I began my graduate study with a project on modeling circadian systems. In a series of publications, An et al. (2021); Lee et al. (2017), I developed a two-step ordinary differential equation-based model to analyze two essential characteristics of an authentic circadian clock – period and phase. The major contributions of my work are

  1. Generate and explain a broader range of period-phase relationships which cannot be explained by existing models.

  2. Provide theoretical analysis of the existence and stability of circadian systems’ periodic orbits.

  3. Provide the analytical solution to an important concept - the range of entrainment.

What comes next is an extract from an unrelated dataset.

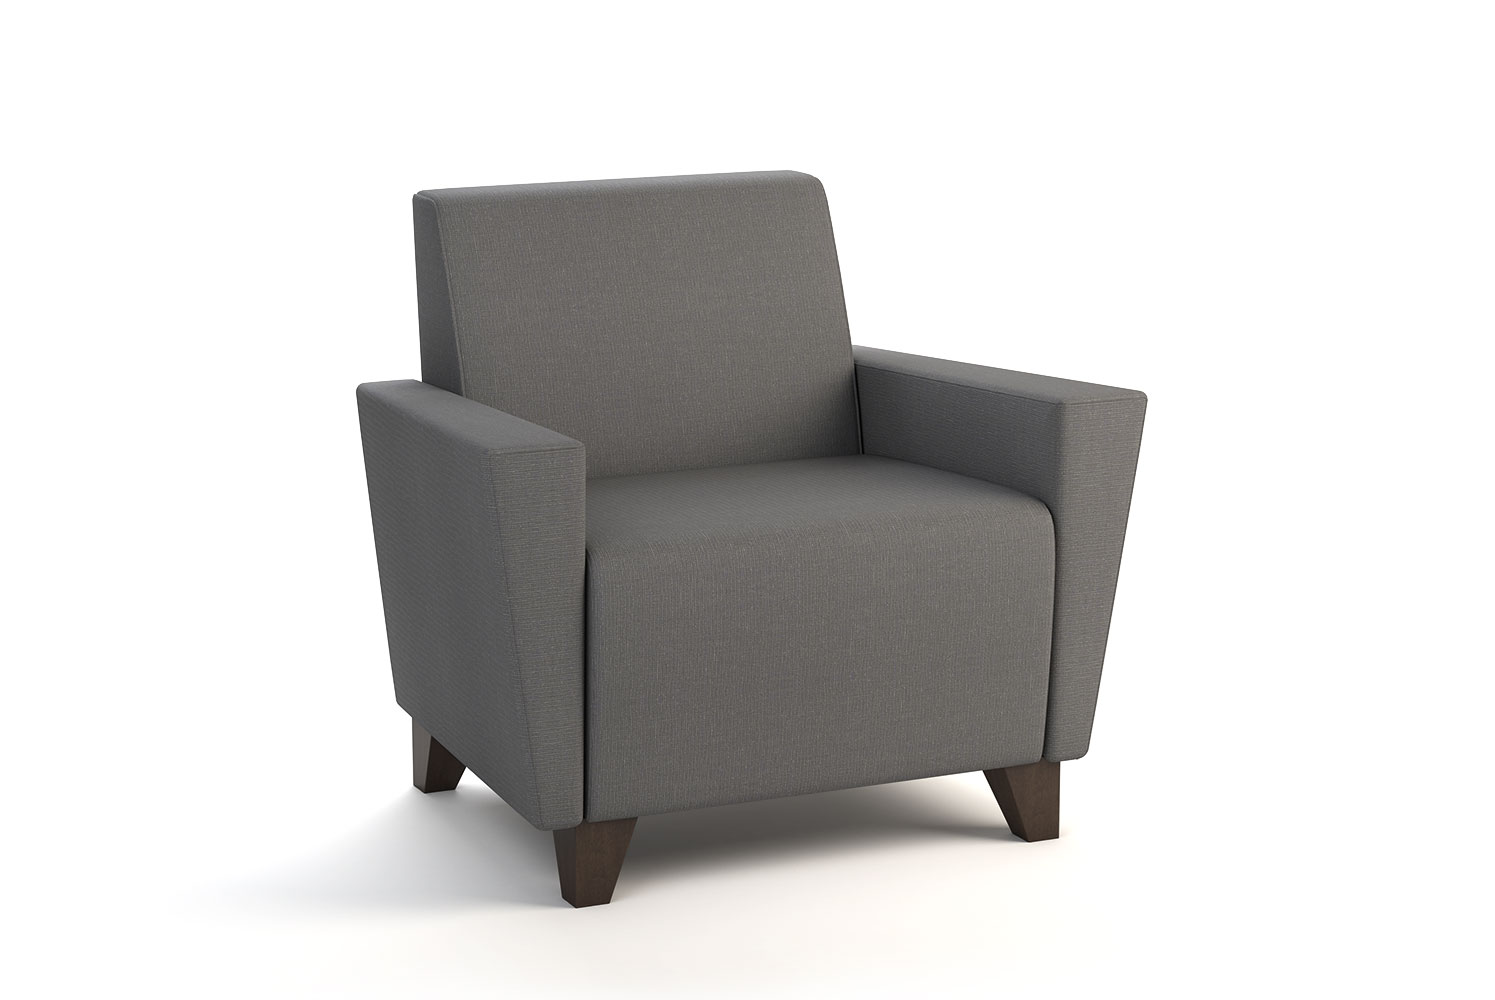 Flair Single seat Lounge with Wood Legs

The findings can be applied to diagnostics and treatments for patients with sleep disorders caused by shift work or jet lag.

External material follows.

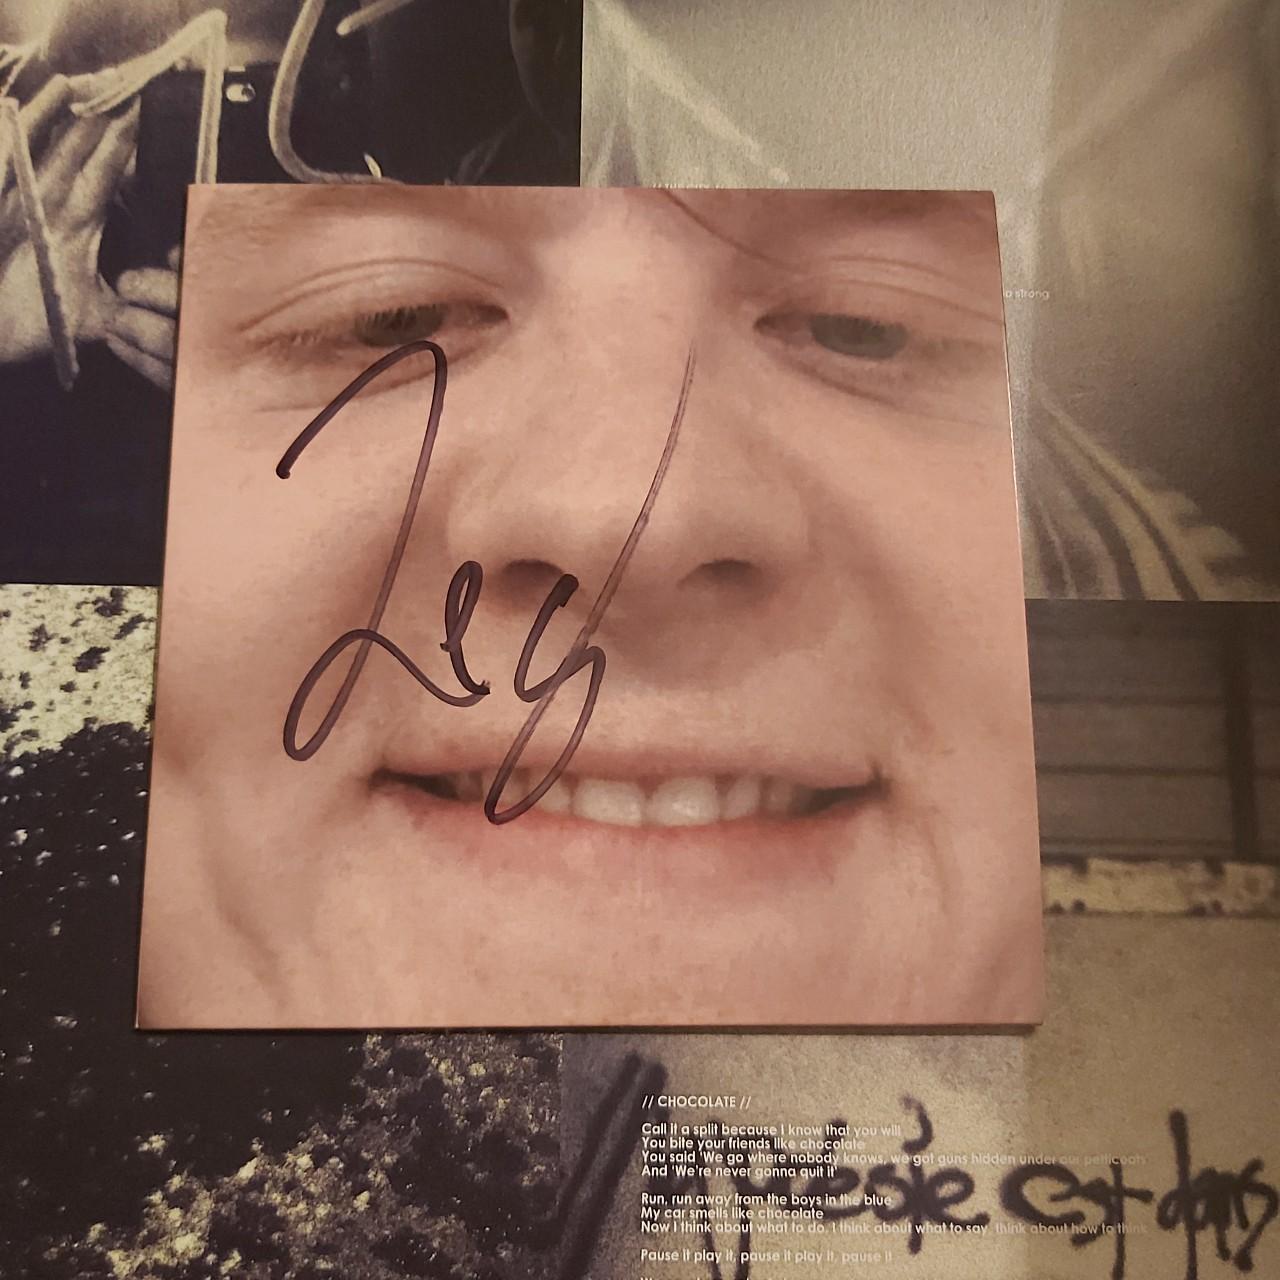 Lewis Capaldi sells signed CD's of Pointless for just pennies

Further, I collaborated with Dr. Till Roenneberg, Dr. Martha Merrow, and Dr. Kwangwon Lee to develop a unified approach named dynamic circadian integrated characteristics (dCIRC) to investigate a fundamental problem in chronobiology - modeling and predicting entrainment An et al. (2022). Our model reconciles the traditional non-parametric and parametric approaches. It is the first model in the field that can describe and analyze the clock’s velocity changes and phase shift in natural cycling conditions. In this project, I found species-specific dCIRC parameters by fitting the Neurospora developmental/molecular rhythm data and solving a convex optimization problem. We found that individuals have non-uniform strategies of integrating light effects to accomplish the optimal phase of entrainment. The unified model provides new insights into how the circadian clock of diverse organisms functions in natural habitats.

Future work

While reading other related work in the field, I gained inspiration for the following topic: Twenty-four hours is not necessarily the appropriate demarcation line between fast and slow free-running periods. This fact may reflect the underlying genetic information of their non-uniform responses to light. It further suggests a more complicated period and phase relationship rather than short period results in an advanced phase, and long period results in a delayed phase. A broader goal is to discover a phase-period-genotype relationship by fitting extensive circadian rhythmic data across species (with ML/AI approaches). This relationship will act as a “circadian fingerprint” to identify chronotypes and guide sleep disorder treatments.

Modeling Forensic DNA Interpretation Process

In the past several decades, DNA profiling has dramatically developed into an indispensable tool for identifying individuals in the investigative and judicial process involving criminal cases. The DNA interpretation is a complex stochastic process that consists of five steps: desorption and extraction, quantification (pre-PCR), PCR amplification, capillary electrophoresis (CE) analysis, and short tandem repeat electropherogram (EPG) interpretation. The increasing computing power allows us to perform DNA profiling in-silico in much less costly and time-consuming ways. I worked with Dr. Catherine Grgicak to create a mathematical framework that combines forensic science, statistics, and computational methods to improve and standardize DNA evidence interpretation. We implemented the model to investigate the following problems: (1) Calculate the allele’s dropout rates and find the optimized laboratory settings which minimize the dropout rate. (2) Compare the DNA interpretation results of routine bulk analysis and single-cell analysis.

Future work

The discrepancies among the DNA interpretation processes across laboratories result in significantly different decisions in the judicial process that cause severe problems. The future work is to apply machine learning algorithms to find the optimized experimental protocols and standardize the DNA interpretation protocols across all laboratories.